Problem
Below are records with pictures. Transcribe exactly, and only, the lines from the line with "What are Deadlock" to the line with "Year: 2007 Make: Chevy", both ends included, but not the pictures.

Input records
^^^^

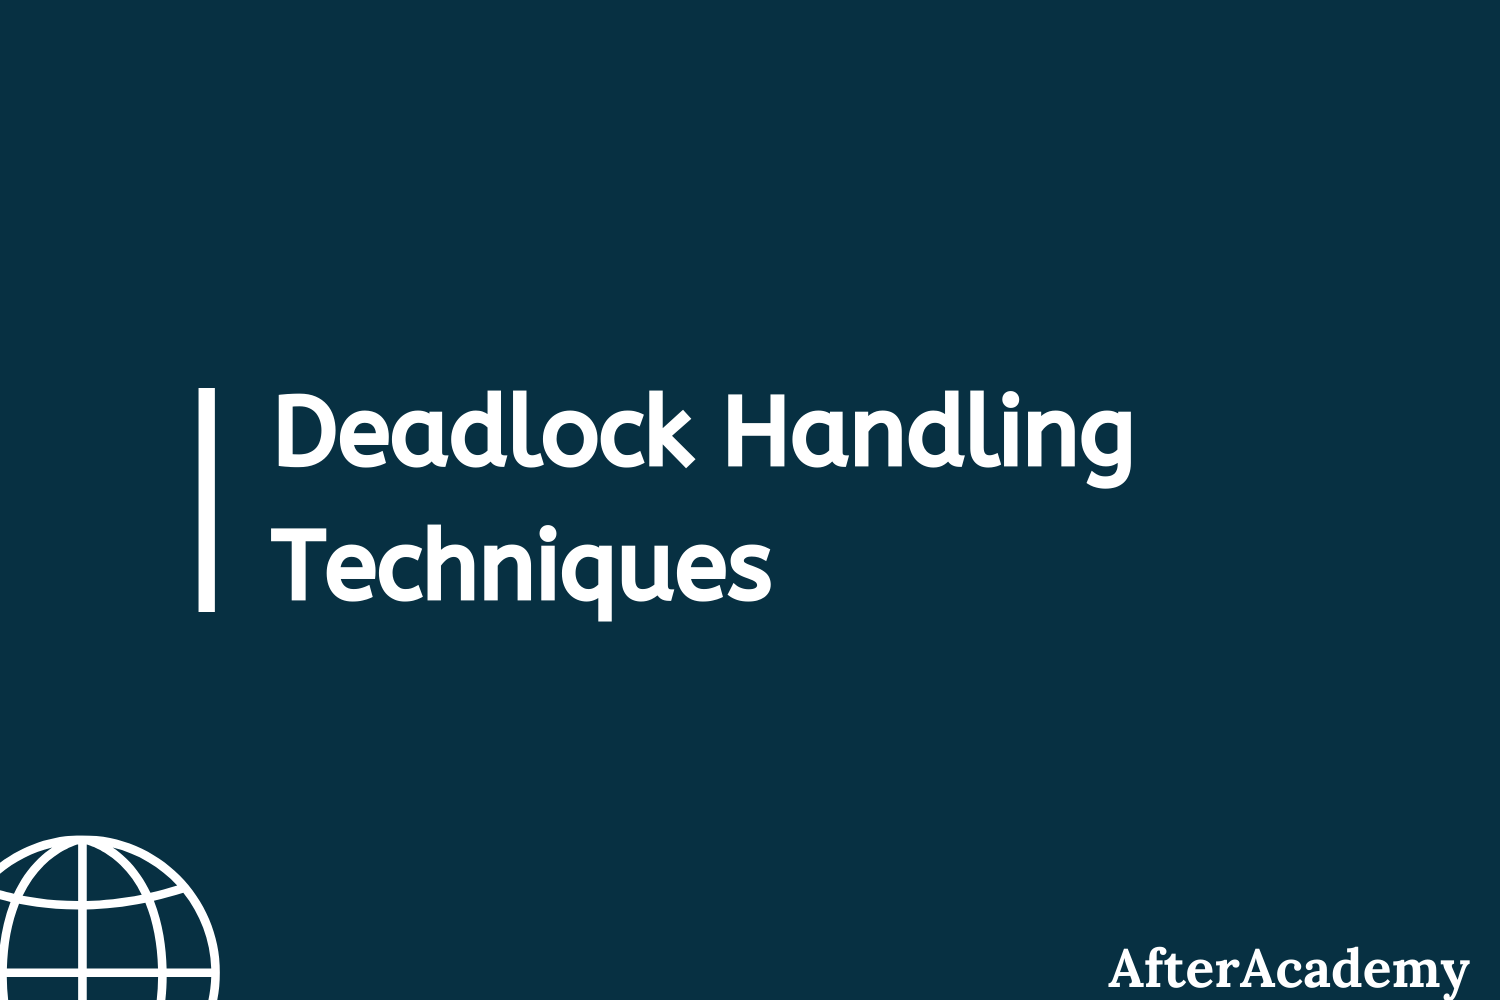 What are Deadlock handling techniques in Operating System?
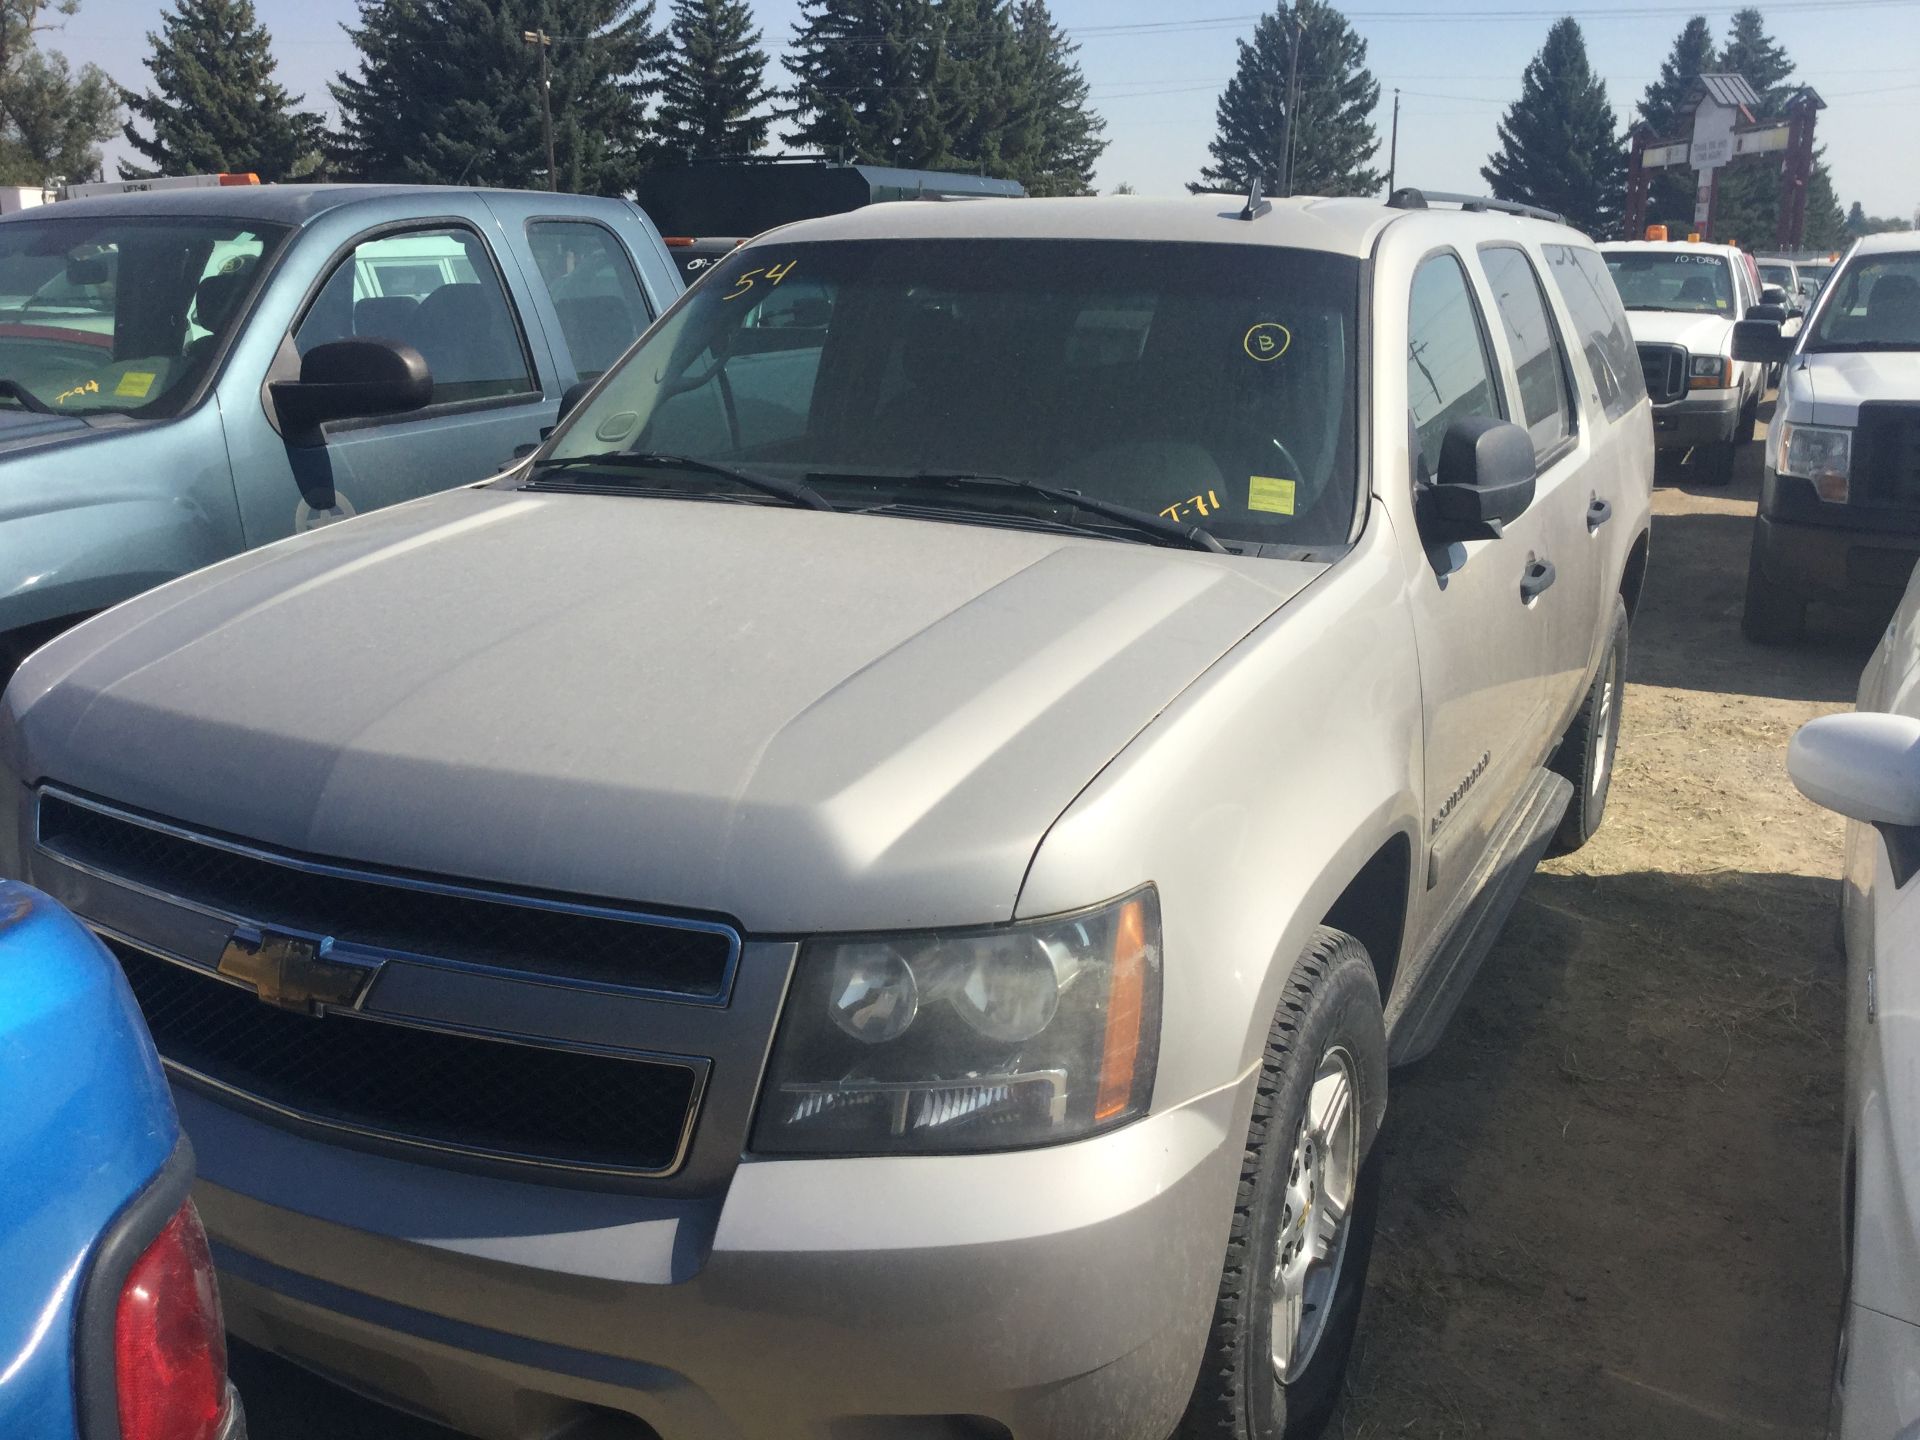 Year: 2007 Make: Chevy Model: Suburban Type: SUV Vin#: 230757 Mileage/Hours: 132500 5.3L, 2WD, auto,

^^^^

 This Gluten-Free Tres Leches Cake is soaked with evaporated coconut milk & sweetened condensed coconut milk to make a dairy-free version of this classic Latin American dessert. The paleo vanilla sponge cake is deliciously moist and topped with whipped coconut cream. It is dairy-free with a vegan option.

^^^^

Response
 What are Deadlock handling techniques in Operating System?
 Year: 2007 Make: Chevy Model: Suburban Type: SUV Vin#: 230757 Mileage/Hours: 132500 5.3L, 2WD, auto,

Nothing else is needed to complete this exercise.